Are hydrogenation of Alkenes (to form alkanes) and hydration of alkenes (to form alcohols) electrophilic addition reactions. I’ve seen different things about this online and the OCR spec groups all of the Alkenes reactions as ‘addition reactions’.
Are hydrogenation of Alkenes (to form alkanes) and hydration of alkenes (to form alcohols) electrophilic addition reactions. I’ve seen different things about this online and the OCR spec groups all of the Alkenes reactions as ‘addition reactions’.
Yes these would be, it’s addition as you are only adding atoms to the alkene, not removing any to do this, and it’s electrophilic as they are electron pair acceptors.
Yes these would be, it’s addition as you are only adding atoms to the alkene, not removing any to do this, and it’s electrophilic as they are electron pair acceptors.
The hydrogenation reaction of alkenes to alkanes is not electrophilic addition.
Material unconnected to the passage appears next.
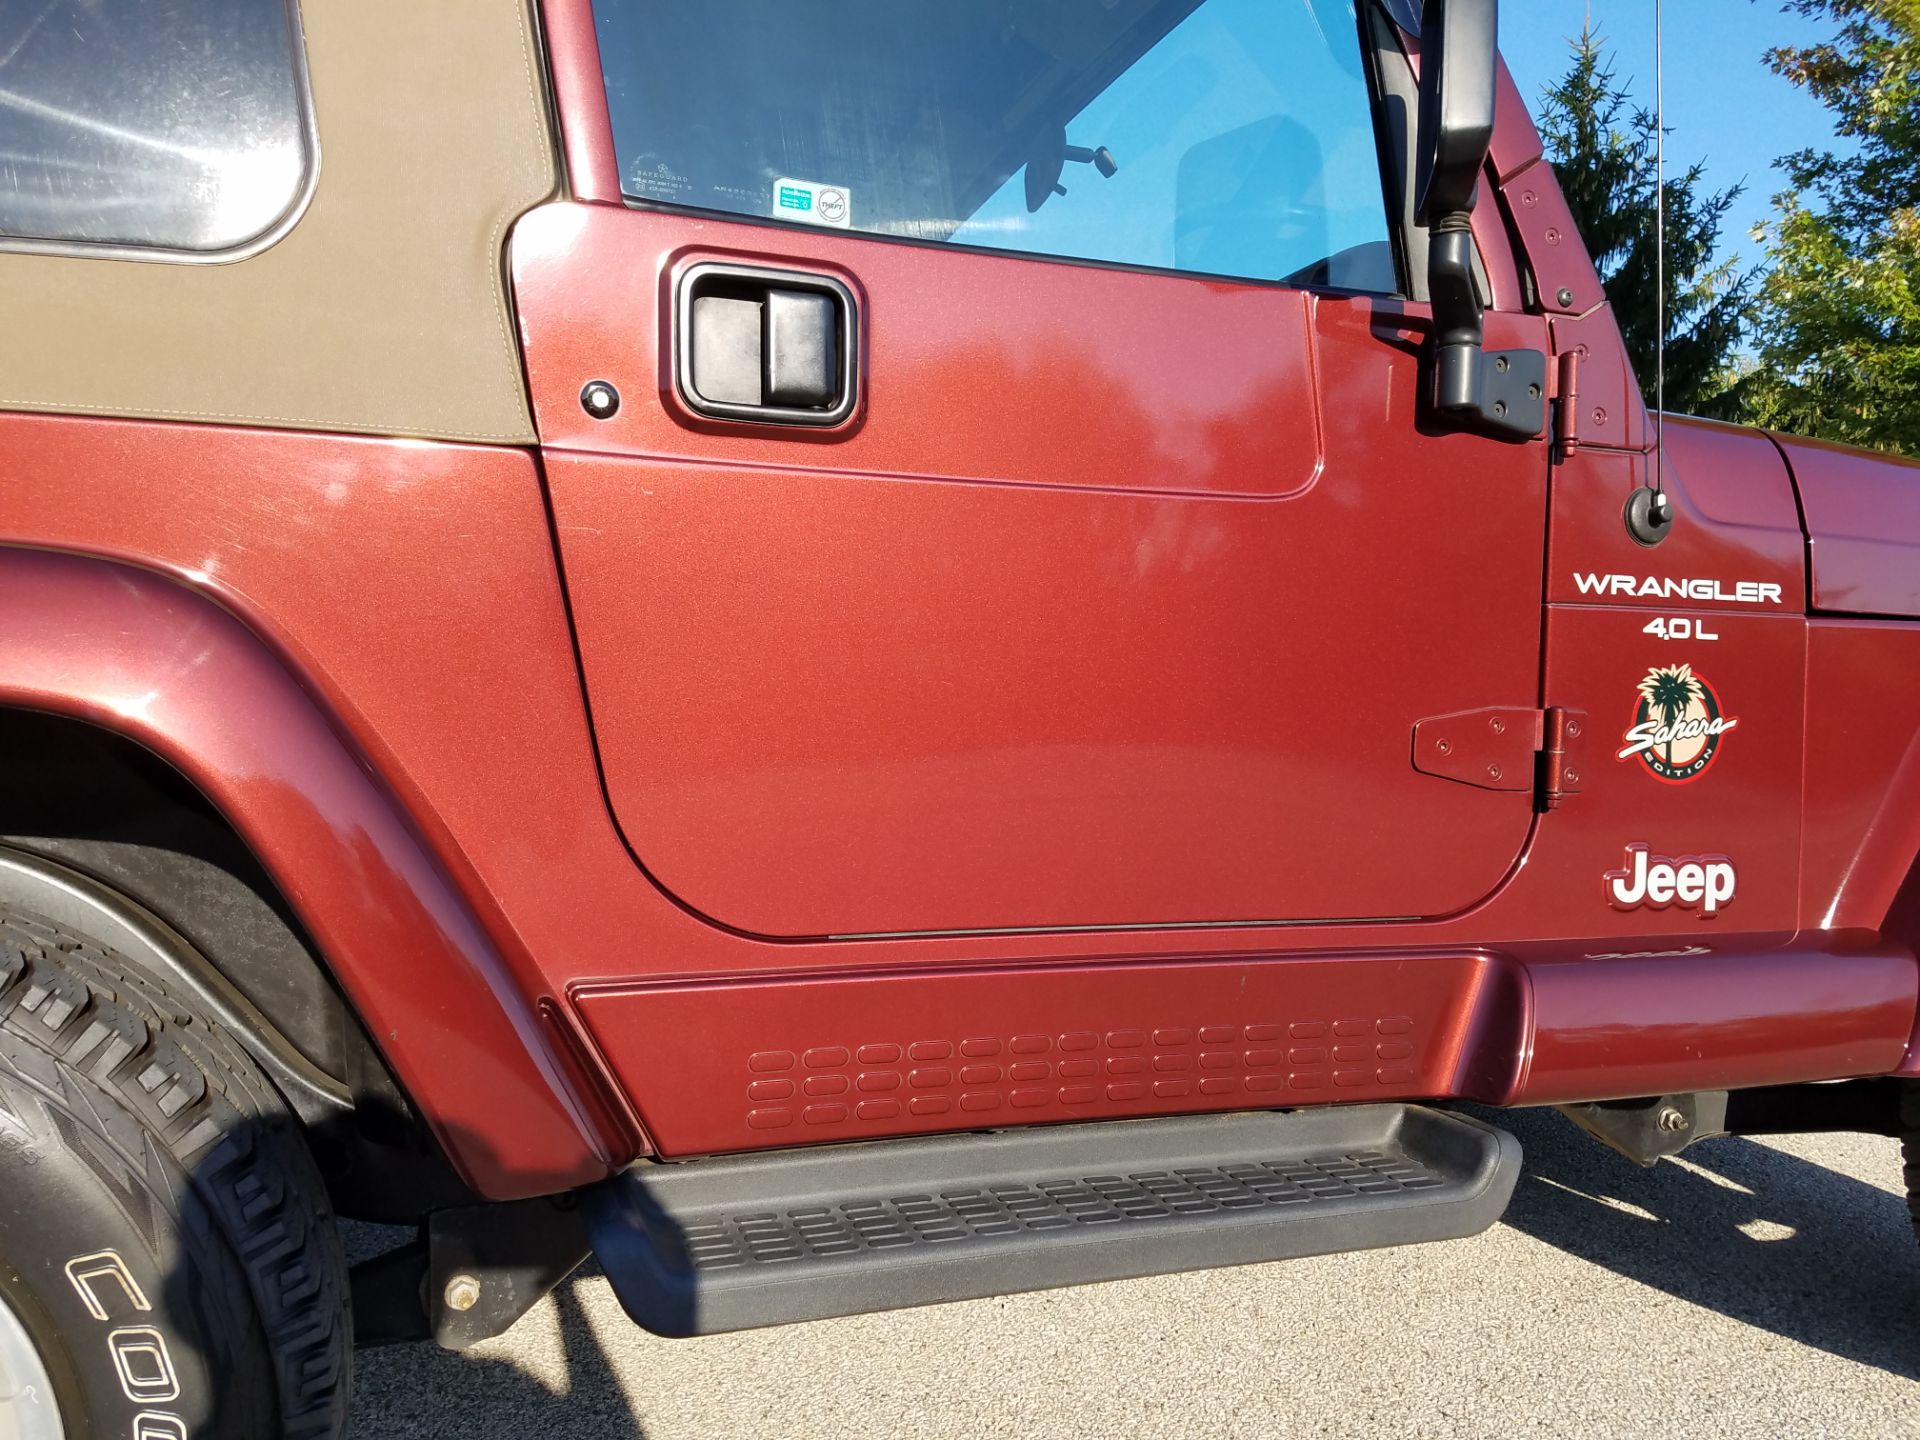 2001 Jeep® Wrangler Sahara in Big Bend, Wisconsin - Photo 13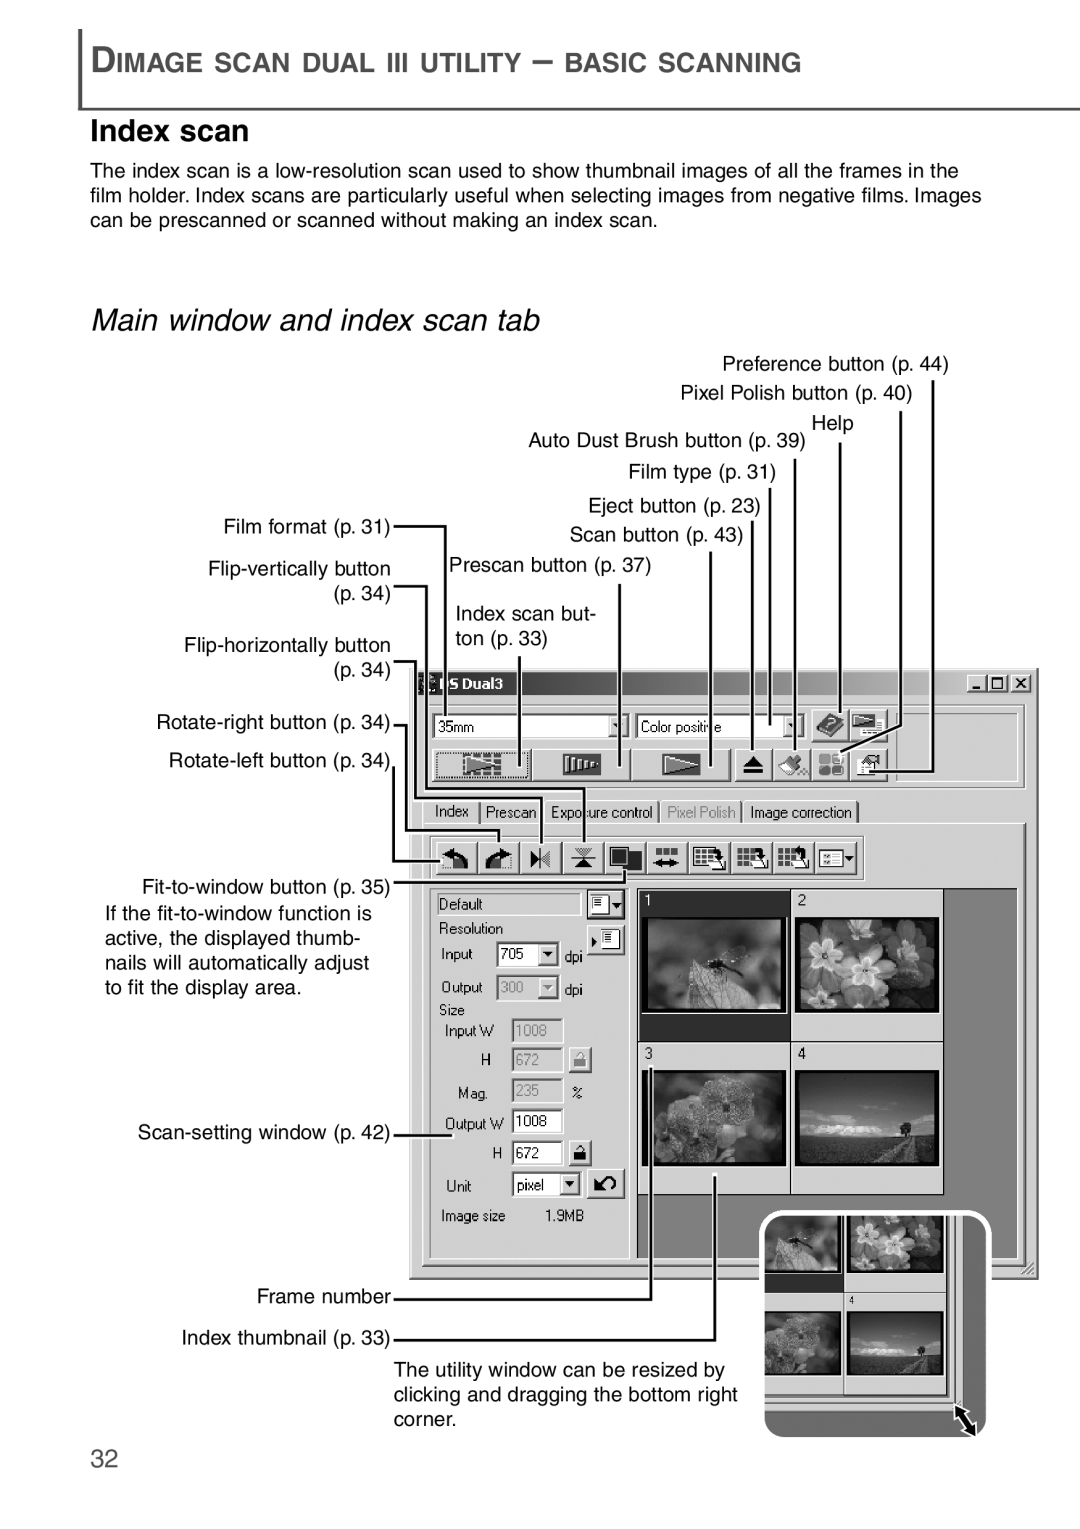 Konica Minolta AF-2840 Index scan, Main window and index scan tab, Dimage Scan Dual Iii Utility – Basic Scanning

In hydrogenation, a nickel catalyst and hydrogen gas is used (and no electrophile is involved), and there is a different mechanism taking place. This mechanism involves adsorption of the alkene to the surface of the nickel catalyst, so it weakly forms bonds with the nickel catalyst which allows hydrogen to be added to the molecule. It is still an addition reaction, but is not electrophilic addition.
In terms of hydration, there is electrophilic addition involved.
In step one, a proton from the phosphoric acid catalyst acts as the electrophile and accepts a lone pair from the C=C double bond, forming a carbocation intermediate.